3. Digital-First Patient Engagement Without Respect for Digital Reality

Why it persists:
Digital promises efficiency, scale, and control. For organizations, it is often the path of least resistance.

Why it should not be a trend in 2026:
Digital does not automatically mean accessible, usable, or helpful. A portal that goes unused is not engagement. An app that adds friction is not innovation.

Patients vary widely in access, comfort, trust, and preference. Designing as if they do not is a fast way to lose them.

What should replace it:
Digital-appropriate engagement. Digital when it genuinely improves clarity or convenience. Human when reassurance, explanation, or trust matters more. Hybrid by design, not as an afterthought.


4. Measuring Patient Engagement by Interaction, Not Impact

Why it persists:
Clicks, opens, and downloads are easy to measure and easy to report.

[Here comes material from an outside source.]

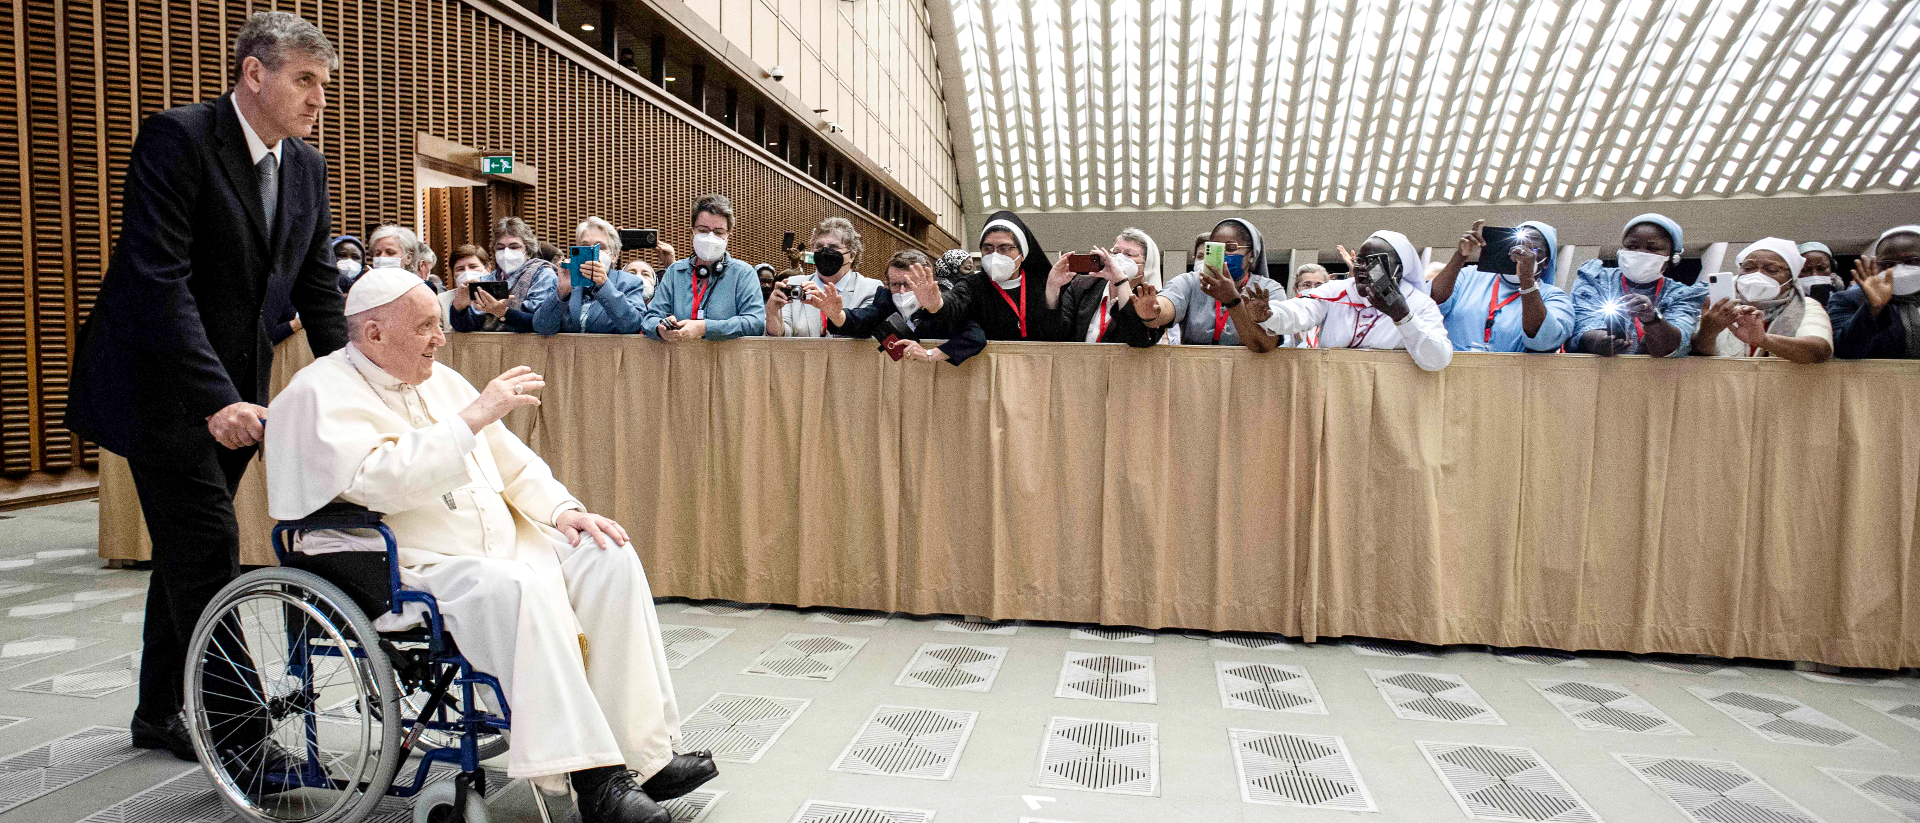 Papst Franziskus sitzt im Rollstuhl und winkt lachend Teilnehmern bei der Generalaudienz am 5. Mai 2022 im Vatikan.

Why it should not be a trend in 2026:
Interaction metrics tell us what happened to content, not what happened to patients. A click does not mean understanding. An open does not mean confidence. A download does not mean action.

When engagement success is defined by surface-level behavior, we miss whether it actually changed anything.

What should replace it:
Outcome-linked measurement. Engagement tied to decisions made, steps taken, adherence supported, or burden reduced. If nothing changes for the patient, engagement has not succeeded.


5. Patient Engagement That Starts at Product Launch

Why it persists:
Historically, patient engagement has been owned by commercial teams and funded around launch timelines.

Why it should not be a trend in 2026:
By the time a product launches, many of the most patient-relevant decisions are already locked in. Protocol design. Endpoints. Evidence strategy. Even language.

Calling engagement patient-centric at launch is difficult if patients had little influence earlier, when those decisions were made.

What should replace it:
Lifecycle engagement. Patient insight embedded across clinical development, medical affairs, and commercial teams. Engagement that shapes studies, evidence, and relationships long before a product reaches the market.

If patient engagement starts at launch, it started too late.


6. Empowerment Without Enablement in Patient Engagement

Why it persists:
Empowerment sounds progressive and reassuring. It also requires very little structural change.

Why it should not be a trend in 2026:
Patients do not lack motivation. They lack time, clarity, energy, access, and support. Telling patients they are empowered while handing them complex systems and unclear processes shifts responsibility without removing barriers.

That is not empowerment. It is expectation management in disguise.

What should replace it:
Enablement. Practical support that simplifies decisions, reduces burden, and helps patients act with confidence in the real world, not just feel encouraged in theory.

The Bigger Pattern in Biopharma Patient Engagement

What these trends have in common is not bad intent. It is organizational inertia.

They persist because they fit existing structures, metrics, and ownership models. But patients do not experience healthcare in silos, campaigns, or quarters.

By 2026, patient engagement in biopharma should feel calmer, clearer, and more respectful of how patients actually live. That should not be a trend. It should be the baseline.

And if any of these still feel innovative, it is a sign that we still have work to do.